0
votes

In the processus of optimizing and profiling a kernel, I noticed that it's L2 and global cache hit frequency was very low (~1.2 % avg.). My kernel typically reads 4 full cache lines per pass per warp, with 3 blocks per SM (So 4 * 32 * 2 = 256 lines of cache per SM per pass of my kernel, that has a variable pass number). The reads are from different regions of global memory, which is obviously then hard to cache. (The pattern of the regions is A, 32 * B, A .....)

It is then made clear that for data that is so "dispersed" and read only 1 time before moving on, L1/L2 cache is almost useless. To compensate for this vastness in the reads of my kernel, I consider using texture memory, which is "pre-cached" in L1.

Can it be considered "good" practice to do this ?

Side question 1 : If the accesses to that texture are coalesced (supposing row major) does it still has performance gains over non coalesced texture read ?

Side question 2 : As my data is read in a fashion so that each warp reads 1 row, is 2D texture really that useful ? Or is 1D layered texture better for the job ?
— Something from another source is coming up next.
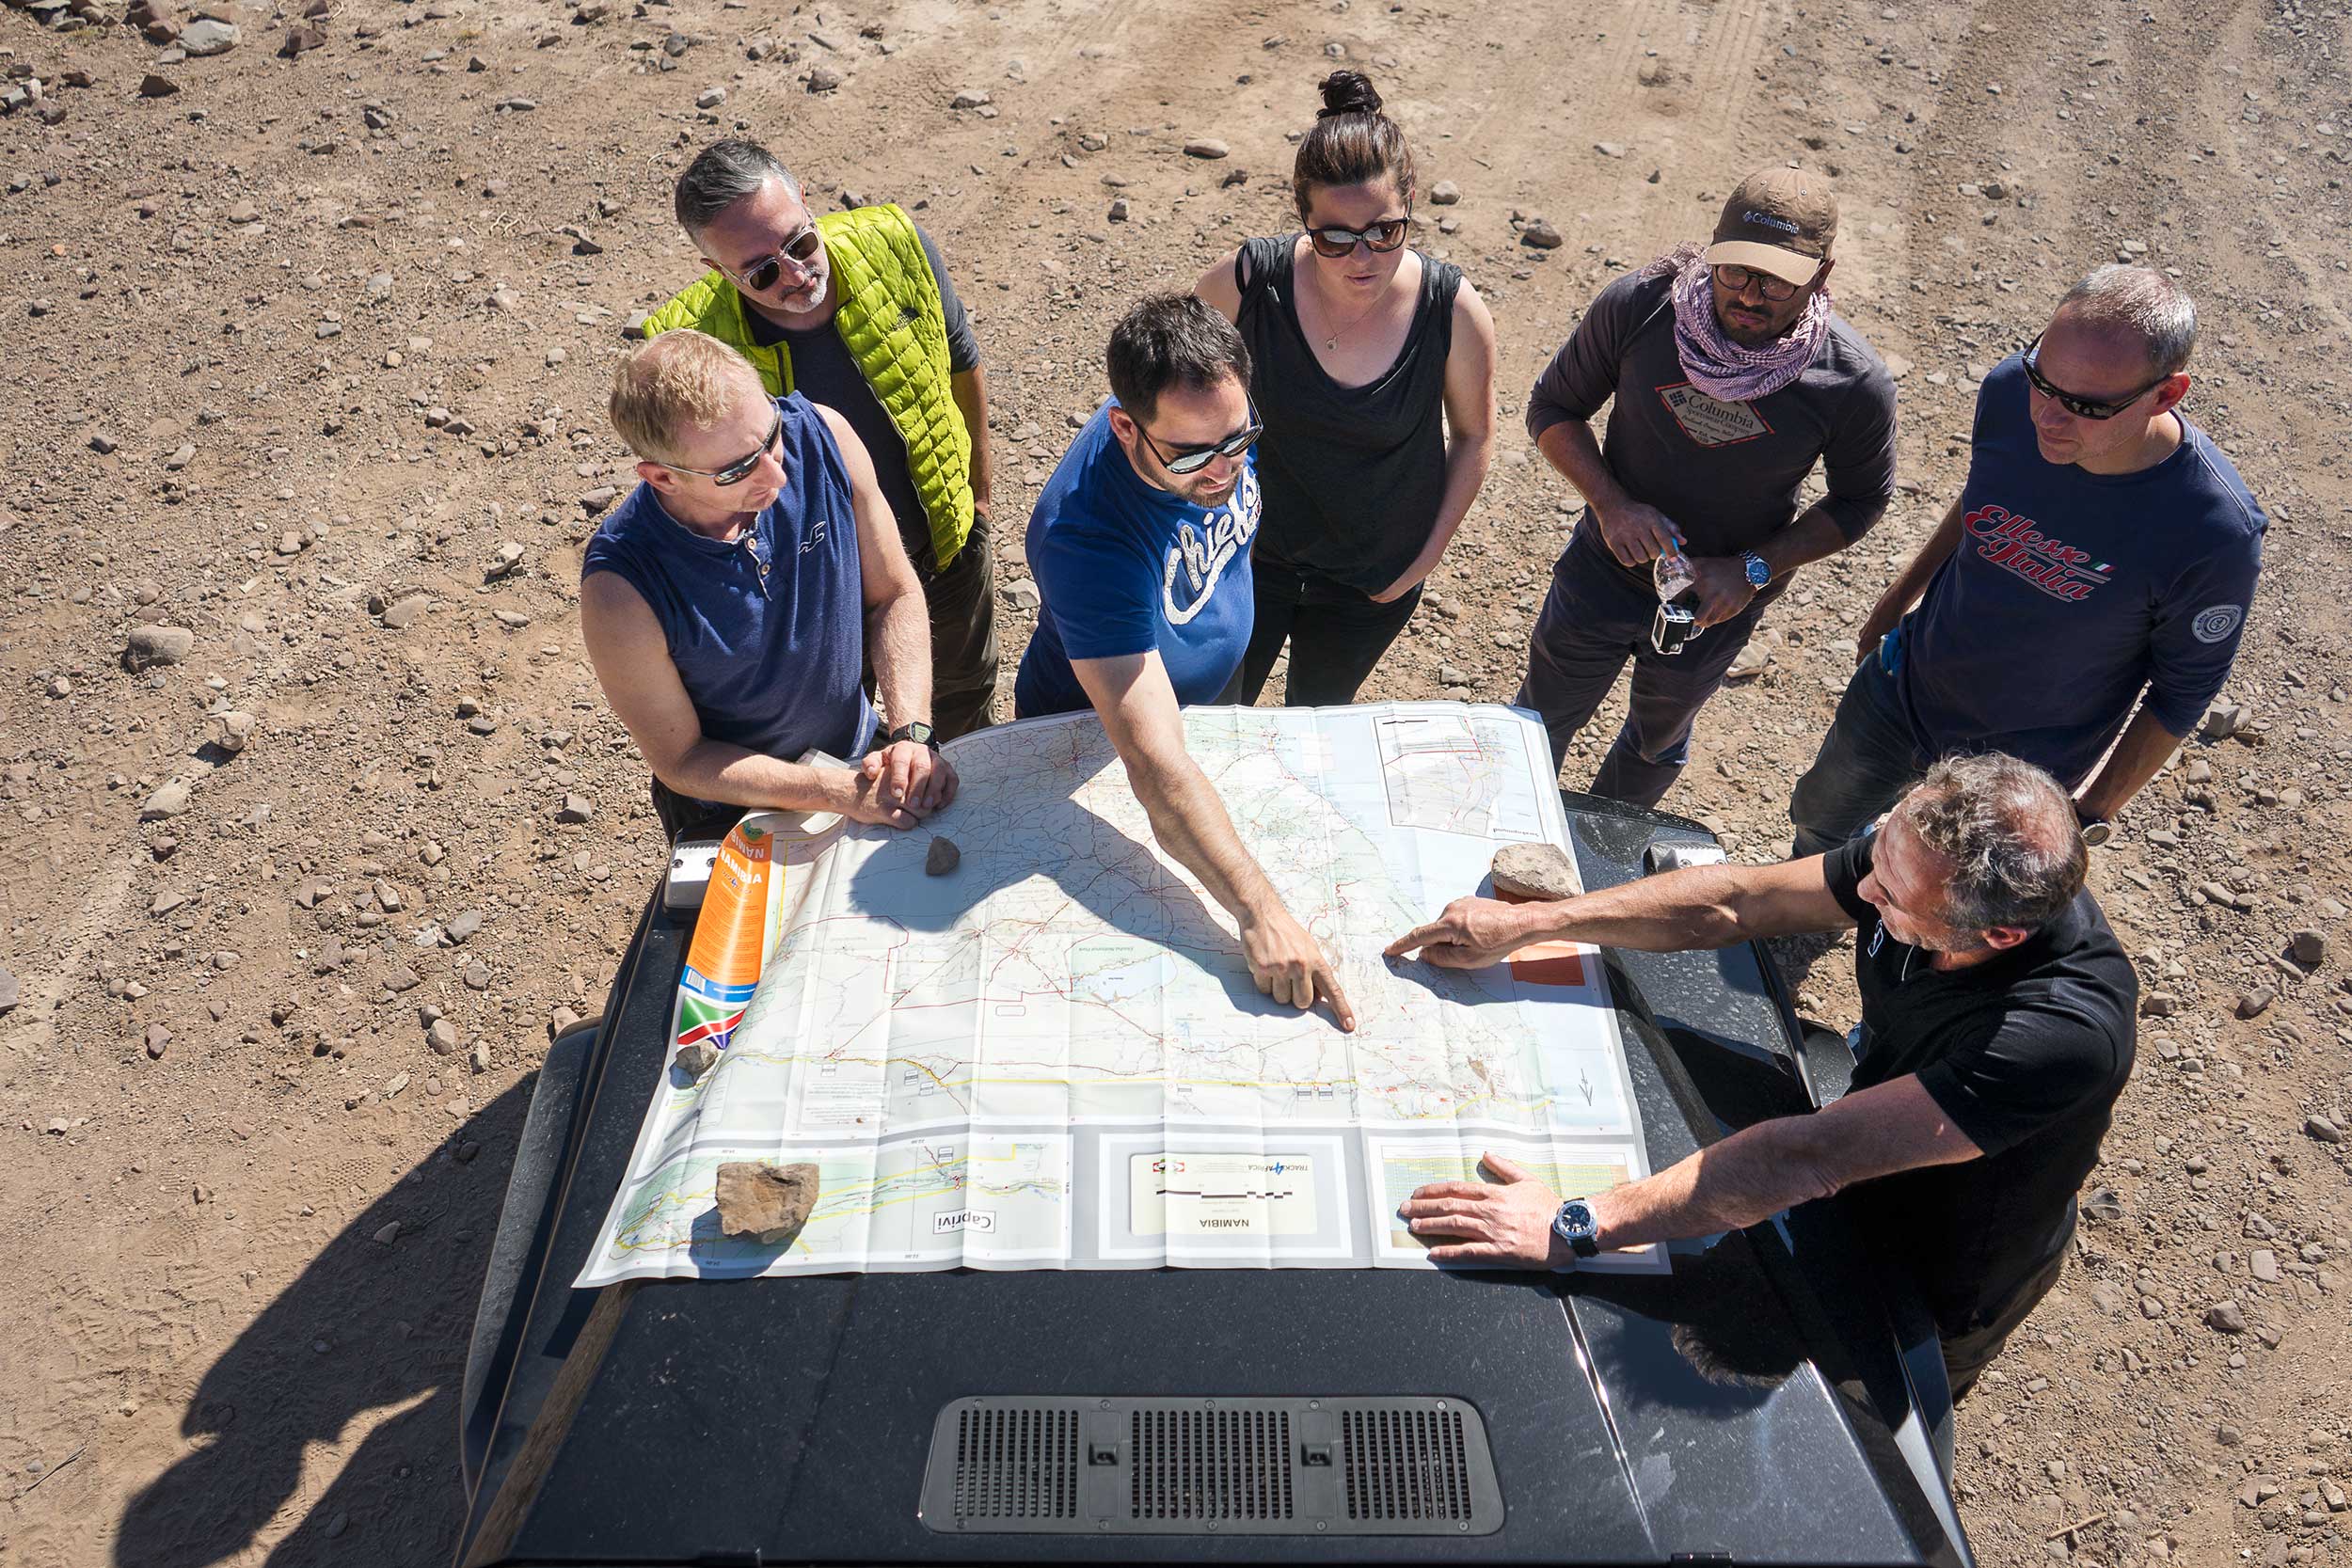 The group gathers around a map to figure out where we are today and where exactly we're headed. The drive was mostly an unplanned adventure, with Mike taking what appeared to be new and arbitrary decision about the route daily. Photo: Apoorva Prasad

Sorry if the side questions are already answered elsewhere , they got through my mind will I was writing and a quick research (probably using erroneous vocabulary) did not yield an answer. Sorry if my question is dumb, my literature about CUDA is limited to the nVidia documentations.

1
So you read your data only 1 time and this read is coalesced and cache line aligned? - dari
Yes. It's exactly that, and that was checked by the profiler - Sachiko.Shinozaki
The primary benefit of caching is for (explicit) data reuse i.e. temporal locality (on reuse). The secondary benefit is for spatial locality, effectively trying to use the cache as a prefetch mechanism. I wouldn't expect a huge benefit from this unless you actually have data reuse. There is probably in some cases some smaller gains to be had from the prefetching, but it will be highly code and access pattern dependent whether this alone will provide any benefit. - Robert Crovella
I am actually developing my texture based implementation right now. On some of the variables, i got from 1.2 % to 50 % cache hit (The implementation is still slightly bug-y , so maybe it's just that i'm not fetching the same data). While I don't have cache reuse, my patterns for each warp are crystal clear, which makes it good with texture memory I believe ..? Anyway, I will probably answer here to document about that when I finish the implementation. - Sachiko.Shinozaki

1 Answers

1
votes

Finally, the texture based implementation did not bring much. From what I understand, while the cache rate when up (~50 %) There definitly is an overhead in the cache hierarchy or the texture units.

To retain (not application specific)

Texture memory comes with a slight overhead, that makes it worth it only in the situations where the filtering given is a benefit AND that the whole texture can fit in the caches, allowing 2D perfectly cached memory that is resistant to non-coalesced accesses.